Последовало недолгое молчание. Я не могла заставить себя взглянуть на Барраса.
— Роза, посмотрите на меня, — сказал он.
Я повернулась к нему лицом. Нет, он не походил на дьявола: обычный мужчина в летах.
— Вы не верите мне? — проговорил он, печально глядя на меня.
— Верю, — ответила я, но сердце мое не верило.
— Вопрос не в том, сделал я это или нет. — Баррас встал вдруг и отошел к окну. — Вопрос в том, — он задернул шторы, — смог бы я это сделать? — Некоторое время помолчал, стоя спиной ко мне. — И истина заключается в том, что… Да.
Баррас молчал, застыв у окна, и эта минута показалась мне вечностью. Я ждала, чтобы он пошевелился, произнес хоть что-нибудь.
— Поль!
Он обернулся ко мне, в глазах его стояли слезы.
— Я не верю вам, — сказала я.
16 июня
Утром приезжал с визитом Баррас. Было рано. Я обернула себе голову шарфом, как это делают креолки. Он повел меня во двор.
— Хочу вам кое-что показать.
Во дворе стояли две красивые вороные лошади, запряженные в сверкающую темно-зеленую карету.
— Что думаете? — Баррас хлопнул одну из лошадей по боку.
— Красивые лошади.
— Венгерские. — Он открыл дверцу кареты. Обивка красного, королевского цвета.
— Бархат? — Такая редкость теперь! Но у депутата Барраса всегда все только лучшее. — Прекрасная карета. Давно она у вас? — спросила я.
— Она ваша.
— Моя?
Он с удовлетворением заметил мою растерянность.

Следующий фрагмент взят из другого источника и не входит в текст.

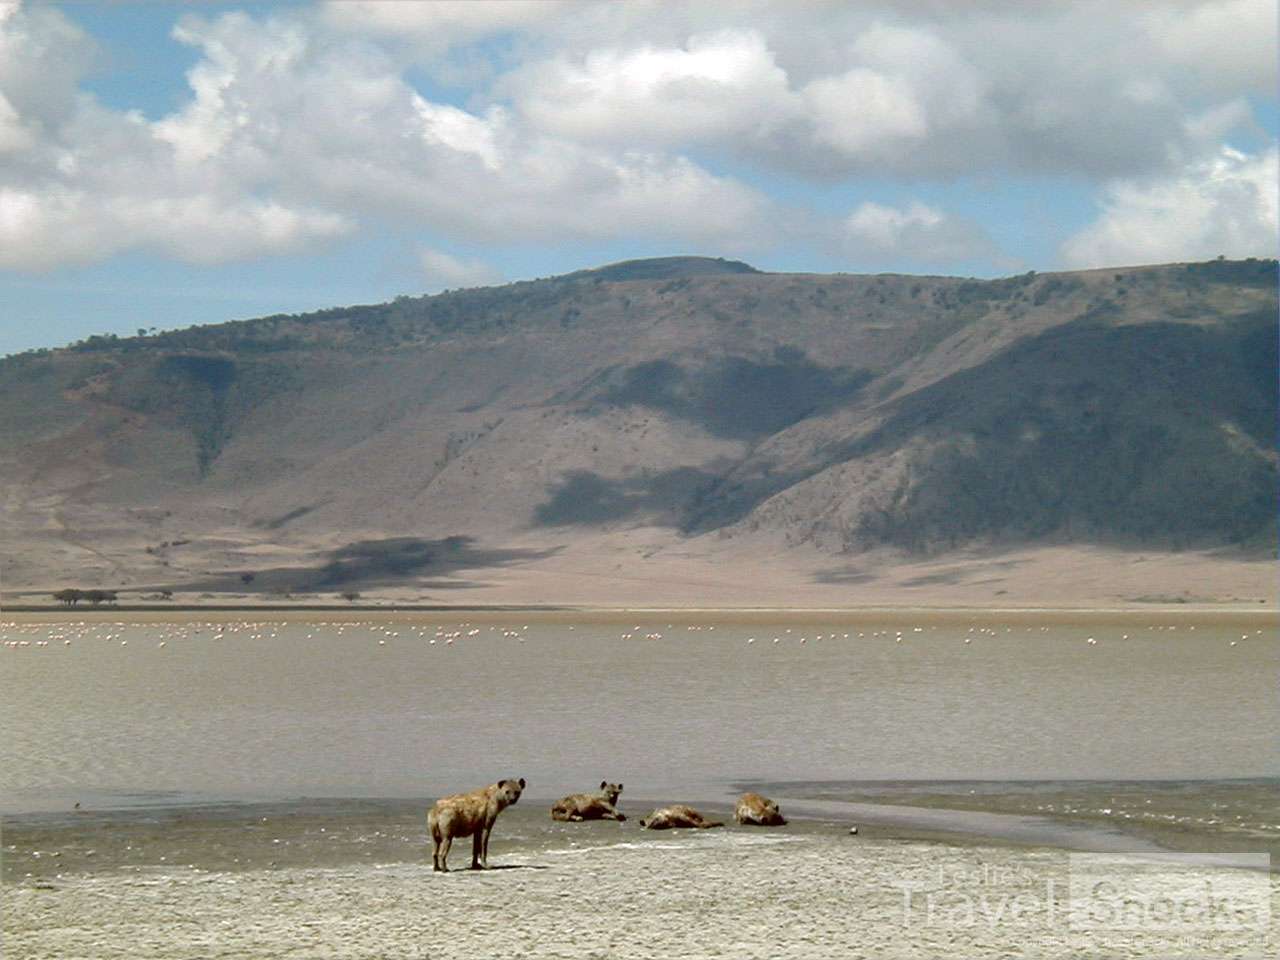 Hyenas with flamingos in the background.

— У вас теперь есть еще и корова. Молочная корова, я не взял ее с собой. Слишком медленно идет, знаете ли.
— Корова?
Я засмеялась. Корова! Значит, у нас будет масло, молоко, сыр. Будет много — больше, чем нам необходимо. Появятся излишки, их можно продавать или обменивать.
— Но где мне ее держать?
— Ну, как можно быть такой практичной?
— Я серьезно! — Карета, две лошади, корова… А у меня — ни конюха, ни возницы, ни сена, не говоря уж о стойле.